All I can say is go there if you’re in the area!

An exterior view of Korcula’s town. If the Greeks love a column, the Croatians love a defensive tower. There’s been a LOT of defending going down throughout their history!
Another view of Korcula’s old town, as seen from the window of our guesthouse. I love how eery this shot is, with the clouds cascading down over the mountains behind. This was when the weather started to turn. Luckily, the island provides many options for exploration, and we rented a bicycle and cycled through olives groves and vineyards, as Korcula produces some of the region’s best wine and olive oil products. All of this, combined with access to pretty beaches nearby, combined to make Korcula our favourite island in Croatia.
Sunbaking Hvar
I know I mentioned it raining in Hvar, but this was the one afternoon it cleared, and we managed to get a couple of hours in by the water. This was when we discovered two things: First, Croatians, well, Europeans in general, love a nude beach. And second, rocks are really uncomfortable for lie-down sunbaking. Give me a sandy beach any day.

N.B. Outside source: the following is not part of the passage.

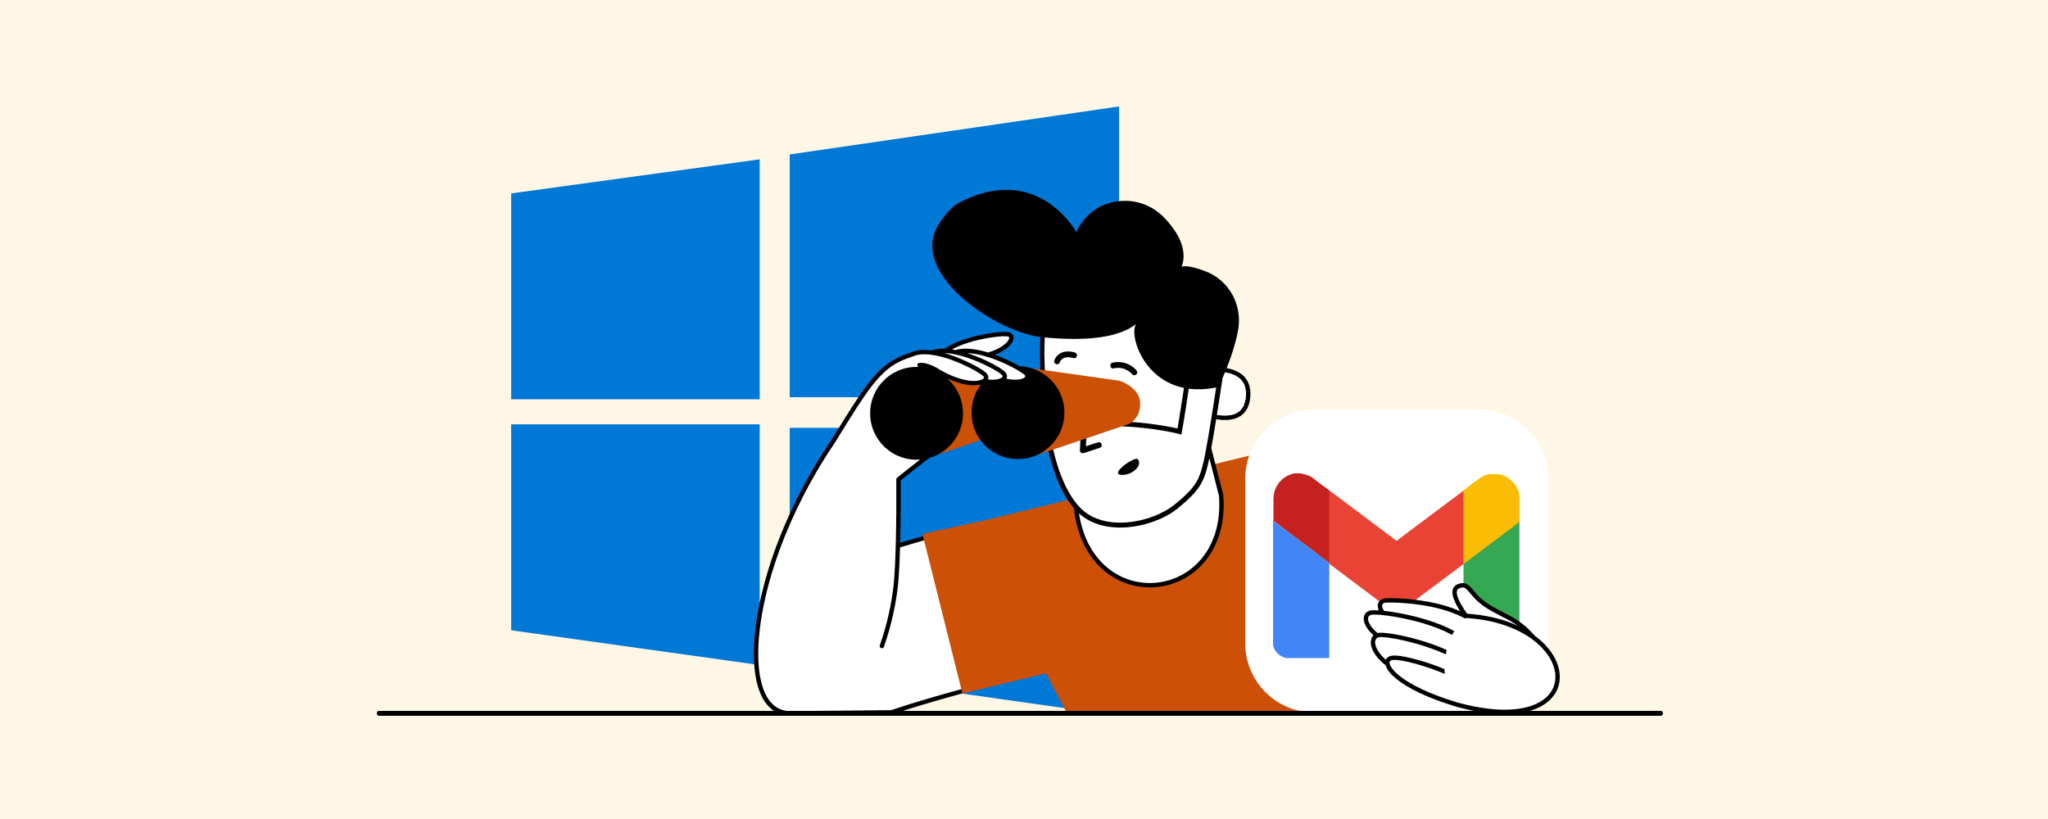 Gmail está a punto de cambiar, así será a partir de ahora el correo  electrónico de Google

We got a little boat to this nearby island, where you can just walk around until you find a secluded little spot to set up and enjoy. It was very serene. This was in stark contrast to the rest of Hvar, which is known for being a massive party island; the kind where clubs don’t start until 4am. The jetty filled up every day with luxury yachts, filled with well-to-do Spaniards and Russians and their model girlfriends, all set to get coked-up and party the night away.
Don’t know if I’d rush back there.

Split Harbour
The view of Split harbour. Yep, you know it – more orange tiled roofs and defensive towers! But we really liked Split, it had this gorgeous white marble promenade, where you could sit and drink coffee by day (or beer, another Croatian staple, regardless of the time of day). Then at night, it transformed into this carnival-type atmosphere, with food stalls, gypsies selling annoying little glow-toys, people eating icecream and just a general celebration of warm weather, holidays, and good vibes. Which brings me to another thing: Croatians love icecream. LOVE IT. It’s practically a national obligation, to eat icecream everyday. Icecreameries and gelaterias are as commonplace as cathedrals in Italy. As in, every second building.
Purple Bougainvillea
I loved that the bougainvillea was purple in Croatia. It provided a point of difference to the classic Mediterranean colours we had witnessed in Greece, where the flowers were typically pink.
Zadar harbour
Zadar harbour.

We hadn’t planned to come here, until speaking with some friends we made on our boat cruise in Turkey. They urged us to check it out, and we are so glad we did.
Recently dubbed Croatia’s ‘city of cool’, it had a definite youthful, exuberant vibe about it, probably owing to the fact that it is a University town. (The only downside to this – a lot of shit food; fast, greasy, sloppy, burger kind of offerings; great for a 3am feed but not for a civilized dinner date!)
So the main attractions here are the Sea Organ and Sun Salutation. Both are designed by a local architect, and are incredible to behold. In this picture, people are sitting on the Sea Organ. There are a series of steps leading down to the water; each step has perforations cut out of the stone. When the water laps against these cut-outs, it creates a series of musical notes, sounding almost like sighs or whale calls. It sounds weird and cheesy but it was a beautiful, meditative spot, where people would just sit, watching over the water, taking it all in and contemplating life.

Sea Organ Sunset
Sunset, as witnessed with some cold beers while sitting at the Sea Organ.
I told you the sound was mesmerising and meditative! These women sat in a trance-like state, meditating to the sounds of the Organ.
Sun Salutation
This is the other attraction, the Sun Salutation. It is a huge circle of glass solar panels, which absorb sunlight all day. Then at night, together with the energy produced by the waves of the sea, it turns into this incredible light show. You can see that it’s big enough to walk over; there were children playing, dogs running about, and many photo opportunities. Another very cool concept, all utilising the strength and power of nature, harnessed into energy. Snaps for sustainability!

Sun Salutation

Sun Salutation
The colours changed while patterns danced and moved about.